As we've begun to unravel the mysteries of our environment (natural phenomena like floods, droughts, pestilence, lightning, thunder, etc.) and existence (realizing what we can and cannot as individuals control, and how to enhance our lives by taking command of those things we can control), the reason mankind wanted god in the first place. God was a convenient explanation for why some days were sunny and warm in the midst of a wet season that helped our crops grow (god was happy with us, we had been good), but other seasons were plagued with drought, hail storms, floods, etc (god was not then happy with us, we had been bad). As science as a method was developed and has been used to acquire knowledge, we no longer need god for explanatory purposes. We have better explanations than were ever attributed to god's unhappiness/wrath oscillations.

But we have this emotional hangover need for 'wanting god'. In recent centuries, mankind as a whole, and even believers as a subset, have been much more willing to acknowledge that each sculpts god with attributes the individual believer will or will not accept for this superior being, god.
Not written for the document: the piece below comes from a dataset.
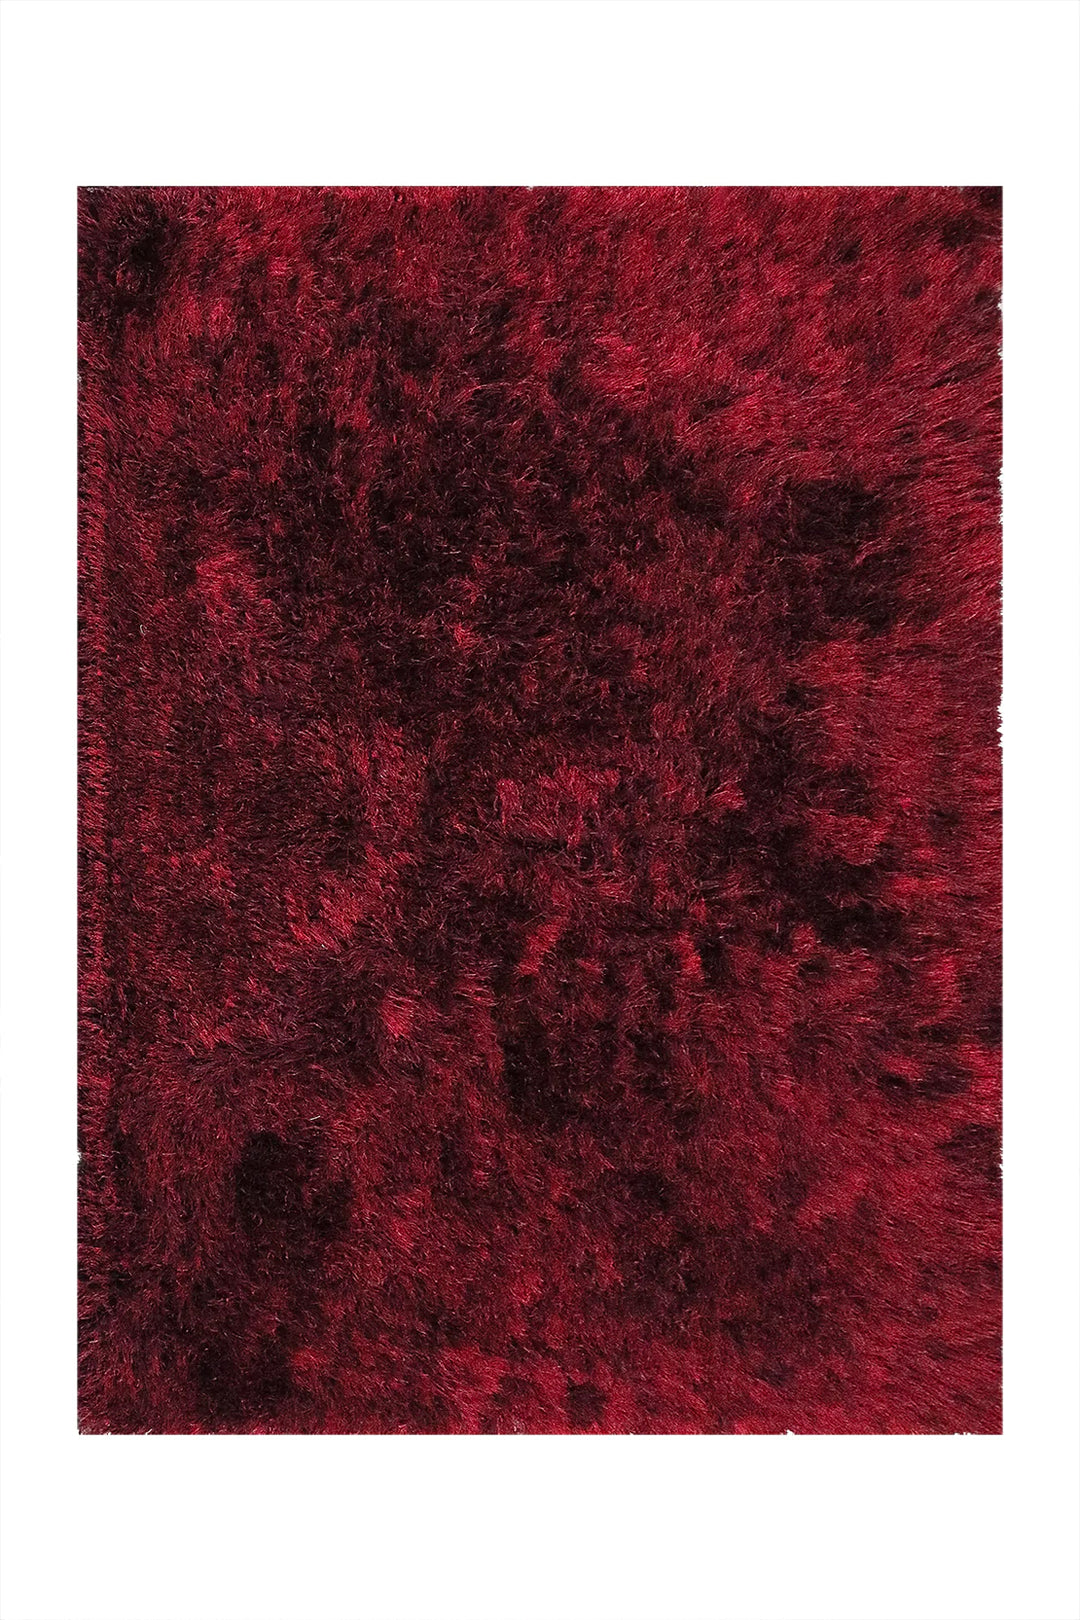 Turkish Plush and Soft  Heaven Shaggy Rug - Maroon - 6.5 x 9.3 FT - Fluffy Furry Floor Decor Rug Heaven Shaggy
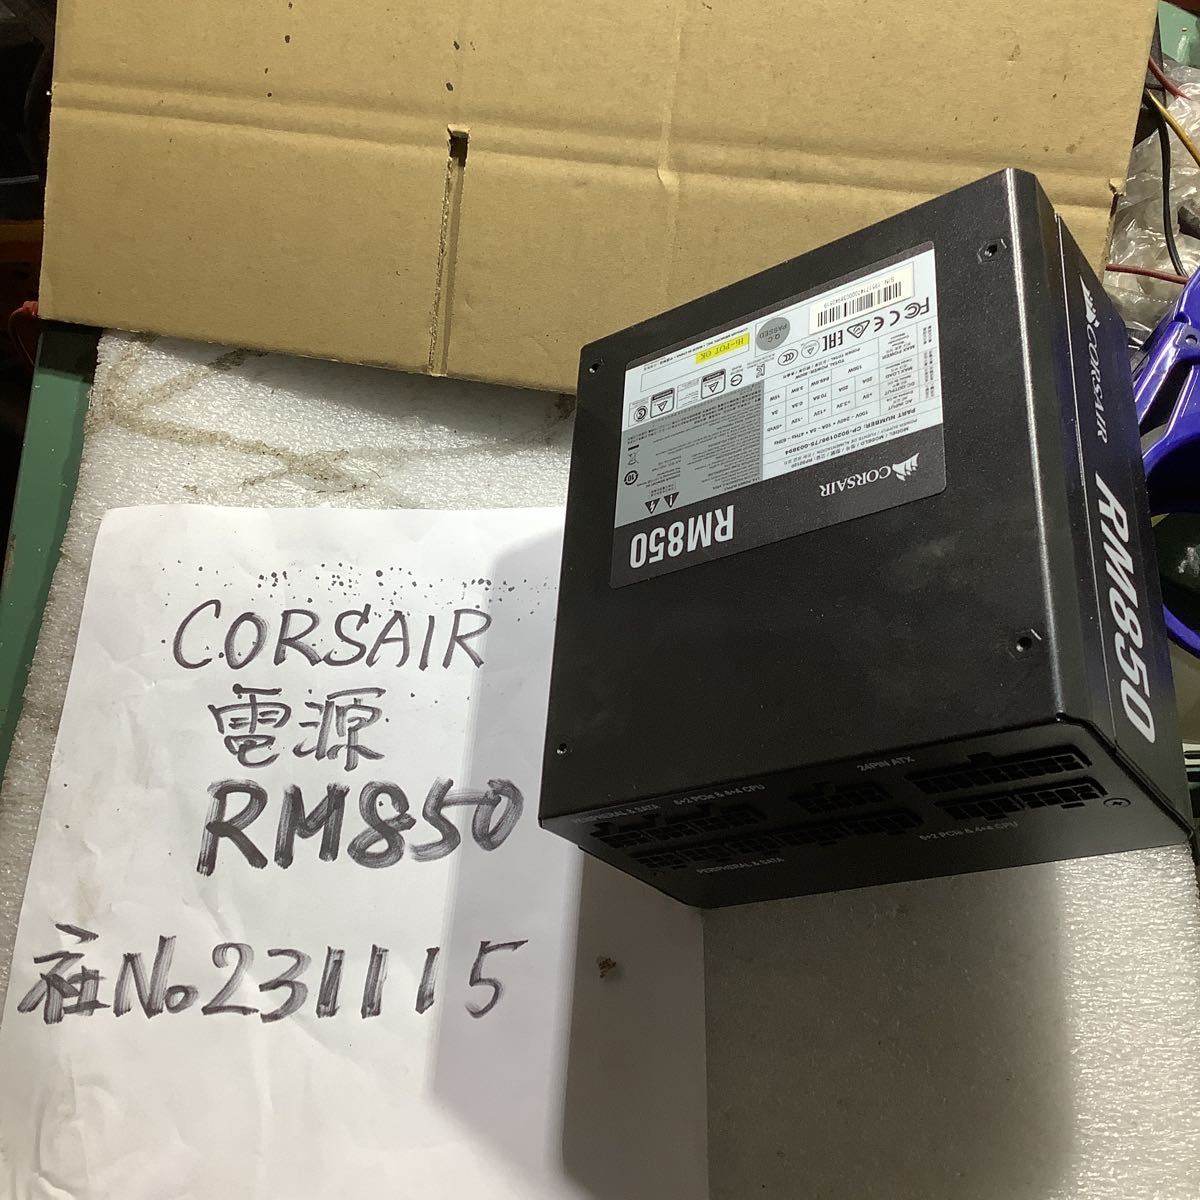 CORSAIR 電源 RM850中古品動作未確認です。サーバーから取り出し品です。

But one thread runs throughout with these believers, this god has qualities and powers that go beyond those of mortal man.

zeezrom takes issue with a maximally great god, preferring instead the gods of ancient Greek mythology. Approachable gods, gods with faults, gods with which we as mortals can relate to. But his god Athena yet has extra-mortal qualities, can do things we cannot. On the abilities scale, one's god inevitably has to have more abilities than the subordinate believer has.

Also in that thread is rather intriguing discussion of what extent is mankind capable of worship, how subservient is mankind capable given our egocentricity?

So what is the emotional attraction to subservience (to whatever degree) to a more enabled being that we craft from our own better sensibilities? Why do we need to think that we'd have more abilities, more power, if we could just overcome and eliminate our darker impulses? Is it not enough that we would simply be better people for others on this planet to be around if we master those darker impulses?